In Hollywood's current obsession with pointless remakes and adaptations, the latest off the conveyor belt is a remake of 1974's Murder on the Orient Express - a film that was already based on Agatha Christie's novel of the same name. But now we moustache whether it's great... or a hairy mess.

Honestly, the film is neither great, but nor is it a mess. Murder sits somewhere in the middle; this is a film that will keep you content for its duration, if perhaps absent of much of that depth that leaves these whodunnit flicks lingering on the tongue. Of course, the plot is quite famed for its iconic weight; as the title suggests, there has been a murder on a train and detective Hercule Poirot (Kenneth Branagh, in the lead role as well as directing) must race to solve this mystery and find out who the culprit is before they strike again. The 13 suspects aboard the train range from the illustrious to the elusive, as these strangers are all thrown into the puzzle for Poirot to piece together and solve.
With a stacked cast such as the one that Murder boasts (to name drop every A-lister aboard Branagh's train would take some time - just look at the poster and you'll get the idea), fine performances are all but guaranteed. And, thankfully, everyone excels in their roles. Screen-time is perhaps limited for each star, given that there are so many here, but this cast all do a convincing job in their respective roles when they do appear. Johnny Depp as our resident gangster, the deliciously mysterious Josh Gad, and the rather complex and complicated Michelle Pfeiffer are amongst the standouts but it's Branagh, complete with the ludicrous moustache and equally larger-than-life performance, that excels as Poirot, clearly relishing in the buoyancy of such a character. Sadly, it's just a shame that everyone else feels so underused... wasted, even. And with so many characters crammed in here, we never get time to really develop anyone and they all feel rather thin as a result.

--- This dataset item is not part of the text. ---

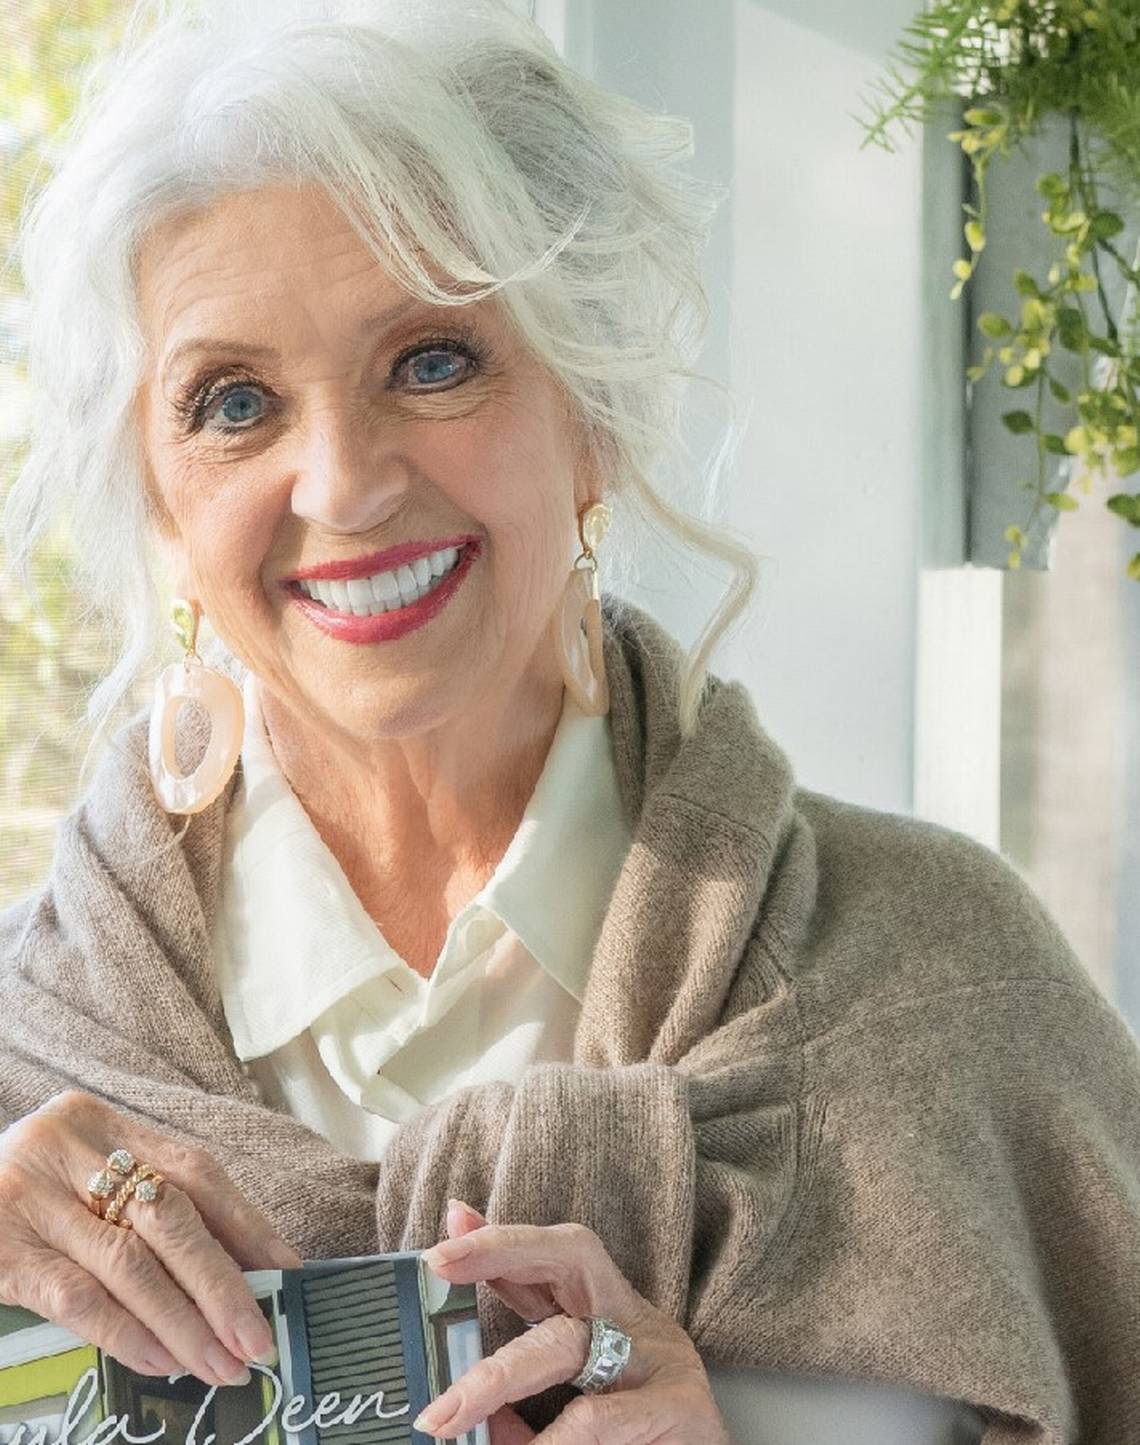 Southern cook Paula Deen coming to Myrtle Beach, SC. Here’s how and when you can meet her

Branagh, however, also in the director's chair, has created something that will widen the eyes in its beauty; if one thing is certain, it's that this film is gorgeous. The director is really in his element in the old-school, 1934 setting here; the set designs and costume are lavish and classy. Branagh revels in the glam and fashion of the era and, visually, has created something as elegant and attractive as the lush lot of aristocrats aboard the train. The cinematography is crisp and beautiful, and there's a nice polish to all of the shots. In 70mm too, this film is quite the aesthetic charmer on the eyes and it's easy to immerse into the gorgeous, lush era that has been so superbly recaptured here. It's just a shame that the film isn't quite as slick in its story and becomes too much of a mess on the storytelling front causing it to fall apart.
The writing of Murder on the Orient Express all over the place. The mystery unfolds in quite a tedious, convoluted manner and it becomes a little frustrating trying to follow along. But this doesn't really work in the film's favour and rather than come off as the intended "oh, who did it, I want to know", it plays off more like a "what is going on, this film is stupid" kind of way. It's not so much a lack of trying in which this film falters, far from it; this film tries very hard to impress, but its shortcomings are perhaps that, in trying to be so clever and smart, the film loses its footing and slips up on just telling a good story. There is a lack of any tension too; the whodunnit plays out in a way that makes it rather predictable and bland, sucking out any possible mystery and tension. It's not that this film is bad. No. It's certainly competent and an enjoyable enough couple of hours to divulge your attention, but it just doesn't quite stick the landing and fails to really be too memorable once the credits roll. At least it'll shave a few hours off your day if you're bored. Get it? Shave? Because moustache? Because Poirot... Don't lie, you love the puns.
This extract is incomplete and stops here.